Multiscaling in the Rough Bergomi Model: A Tale of Tails
Giuseppe Brandi, Tiziana Di Matteo
TL;DR
This paper investigates the source of multiscaling in the rough Bergomi model by contrasting fat-tailed return distributions with temporal memory through a two-stage surrogate data framework. It introduces a Generalised Hurst Exponent approach to quantify multiscaling via $H(q)$ and a multiscaling proxy $B$, and uses matched fractional Brownian motion and shuffled surrogates to separate distributional and memory effects. The main finding is that multiscaling in the rBergomi model is largely due to fat-tailed returns, especially for very rough regimes with $H\to 0$, while temporal dependencies become more prominent only at moderate roughness ($H\gtrsim 0.1$). The methodology is validated on synthetic models (MRW and FLSM) and shown to robustly attribute sources of multiscaling, with practical implications for risk management and option pricing in rough volatility contexts.
Abstract
The rough Bergomi (rBergomi) model, characterised by its roughness parameter $H$, has been shown to exhibit multiscaling behaviour as $H$ approaches zero. Multiscaling has profound implications for financial modelling: it affects extreme risk estimation, influences optimal portfolio allocation across different time horizons, and challenges traditional option pricing approaches that assume uniscaling behaviours. Understanding whether multiscaling arises primarily from the roughness of volatility paths or from the resulting fat-tailed returns has important implications for financial modelling, option pricing, and risk management.
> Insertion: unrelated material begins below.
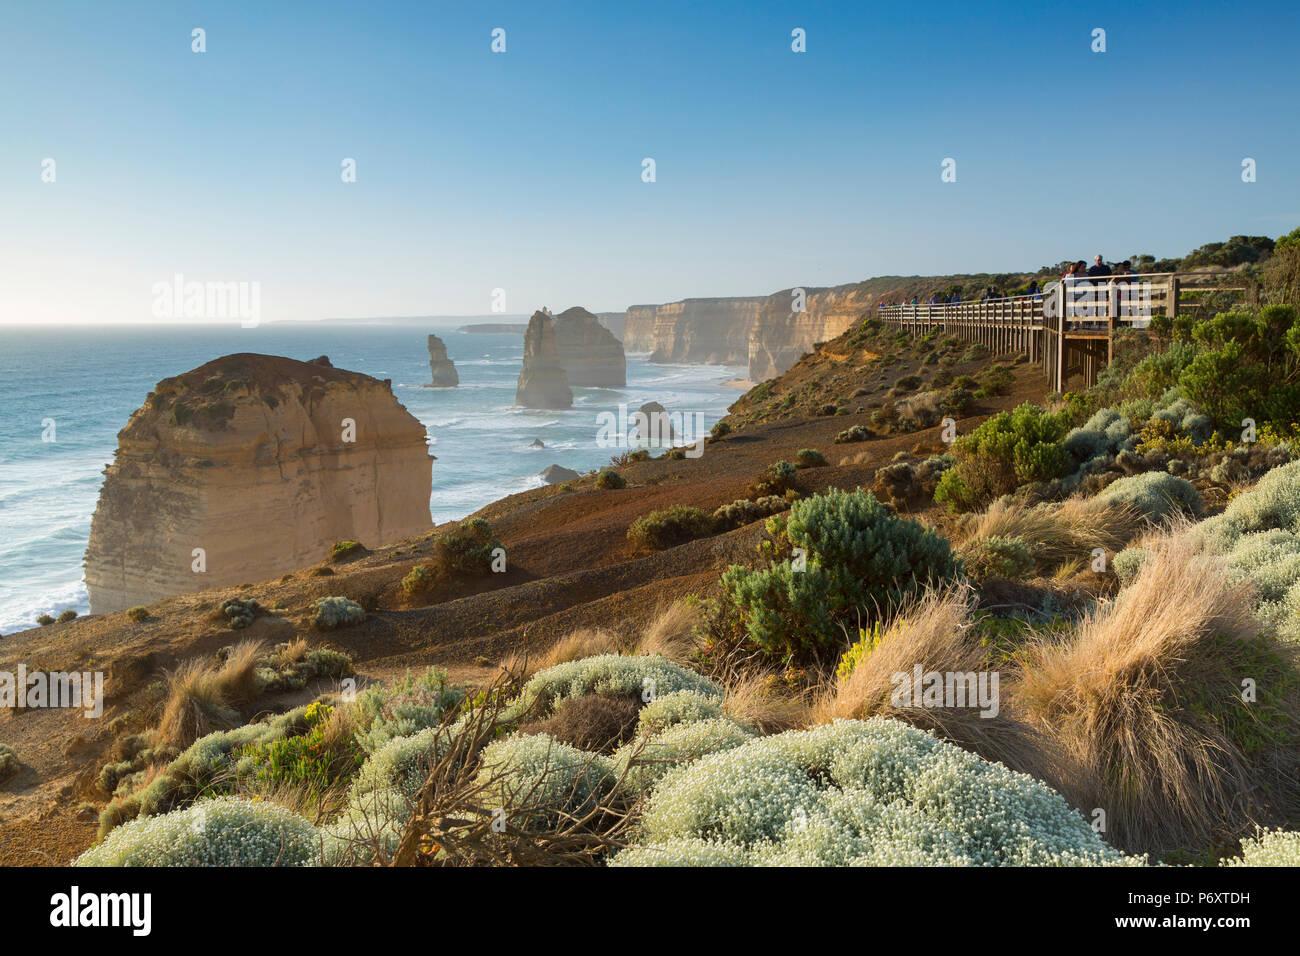 Twelve Apostles, Port Campbell National Park, Great Ocean Road, Victoria, Australia Stock Photo

This paper investigates the real source of this multiscaling behaviour by introducing a novel two-stage statistical testing procedure. In the first stage, we establish the presence of multiscaling in the rBergomi model against an uniscaling fractional Brownian motion process. We quantify multiscaling by using weighted least squares regression that accounts for heteroscedastic estimation errors across moments. In the second stage, we apply shuffled surrogates that preserve return distributions while destroying temporal correlations. This is done by using distance-based permutation tests robust to asymmetric null distributions. In order to validate our procedure, we check the robustness of the results by using synthetic processes with known multifractal properties, namely the Multifractal Random Walk (MRW) and the Fractional Lévy Stable Motion (FLSM). We provide compelling evidence that multiscaling in the rBergomi model arises primarily from fat-tailed return distributions rather than memory effects. Our findings suggest that the apparent multiscaling in rough volatility models is largely attributable to distributional properties rather than genuine temporal scaling behaviour.